Tumors can also cause a lump on the sternum. In most cases, these lumps are non-cancerous and they can be caused by a variety of issues. Some are cysts, which are masses filled with fluid or tissue. These are usually not a problem unless they grow very large. When this occurs, they may need to surgically removed. Growing cysts will often be tested to determine if they are cancerous.

Very rarely, a lump on the sternum will be caused by cancer. In most cases, cancerous sternum masses originate from elsewhere in the body and spread to the sternum bone. The most common places sternum cancer originates are the breasts and lungs. When cancer is the cause, the tumor is usually surgically removed. Additional treatments may also be necessary, such as chemotherapy or radiation.

Although most lumps will turn out to be normal or not life-threatening, it is still a good idea for any mass to be checked out by a doctor. The doctor will be able to determine if the lump is the xiphoid process, or if it is something else. If another condition is to blame, a further examination will likely to be performed to find the root cause.


Discuss this Article

Post 9

Doctors do not cause cancer. They are not responsible for the cancer that occurs. The idea that every test should be ordered for every complaint is what has caused our health care expenditures to be out of control. Sometimes bad things happen to good people. It is better to grow from those experiences then to try to find someone to blame.

Post 7

I don't know why when you go to the doctor and tell them where you are hurting, they pass it of and say go for this test and that test. They say you have gallstones or gallbladder problems, but after two years and the pain is still there in your sternum, don't you think they might look into why you are hurting when you lift sometime, when you bend over and even when you eat or sometimes when you take a deep breath? If anyone else has this problem, have you got any answers? I'd love to hear them.

Post 6

My husband had a lump on his sternum about ten years ago. He was given ibuprofen by his doctor. Ten years later, it turned out he had terminal cancer from the sternum. It went to his liver then his lungs then the collarbone. The doctor should be held responsible. What do I do?

Post 4

I had open heart surgery three years ago within the same year I had to have the wires removed that were holding my sternum together.

After healing, I noticed a knot at the end of my sternum. It did not cause pain at first, but over the past month it has grown. I have been out of work since mid-May because I am consistently vomiting. The only relief I get is when I lie flat. I have been to the ER and they said all the tests came back okay. The doctors are not checking where I am telling them where it hurts. Does anyone have any idea what it could be or what I should do? Please help.

Post 3

I have a sore lump on my sternum, but right now, my doctor is just keeping it under watch. She has no reason to believe that it might be cancerous.

I have heard that sternum pain can be related to fibromyalgia. I have a friend with this condition, and certain points along her sternum are very tender.
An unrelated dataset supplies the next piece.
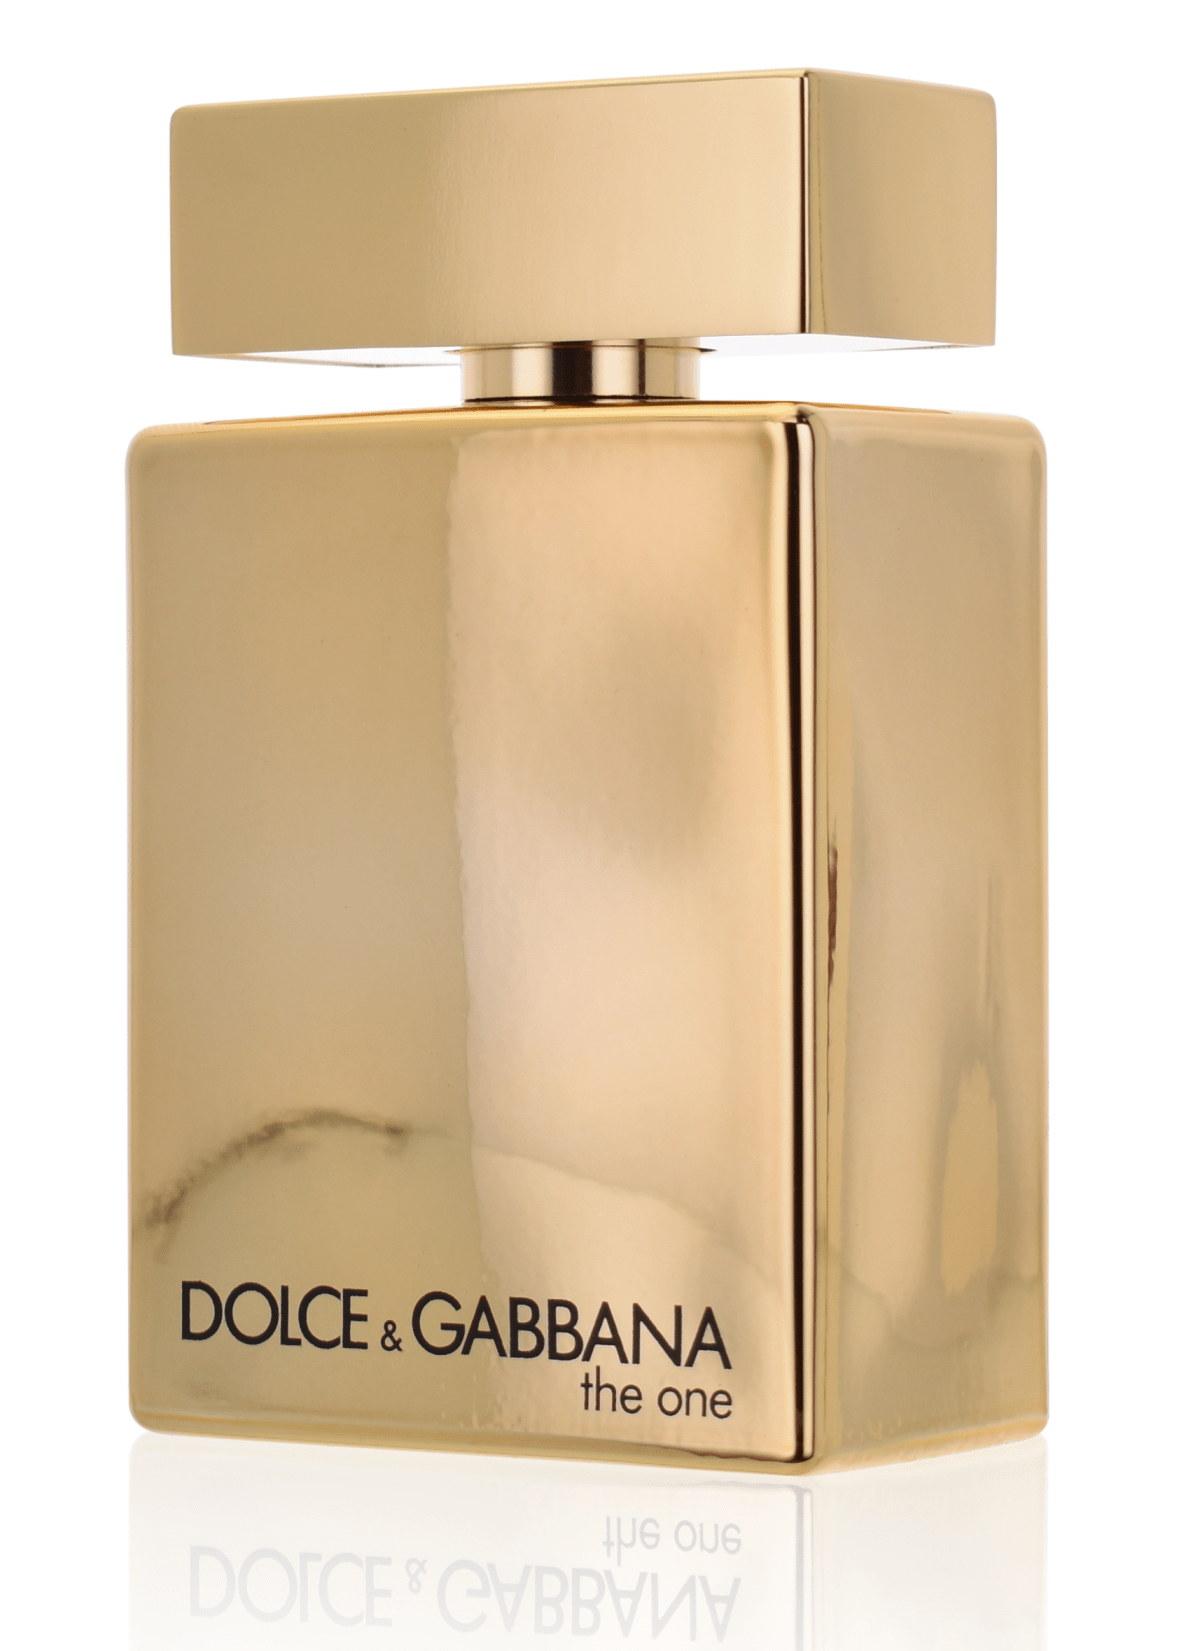 Dolce & Gabbana The One for Men Gold 100 ml Eau de Parfum Intense Tester

I don't think I have fibromyalgia, because I don't hurt all over like she does. The tenderness is confined to this one lump, which my doctor says is a benign cyst.

Post 2

@OeKc05 – I wouldn't wait for a sternum lump to form. Any sort of chest tenderness just sounds scary.

Post 1

My sternum has been really tender here lately. I don't feel any actual lumps on it, but it is sore to the touch.

Is there anything that can cause sternum soreness? Should I be concerned now, or should I wait until lumps form to point this out to my doctor?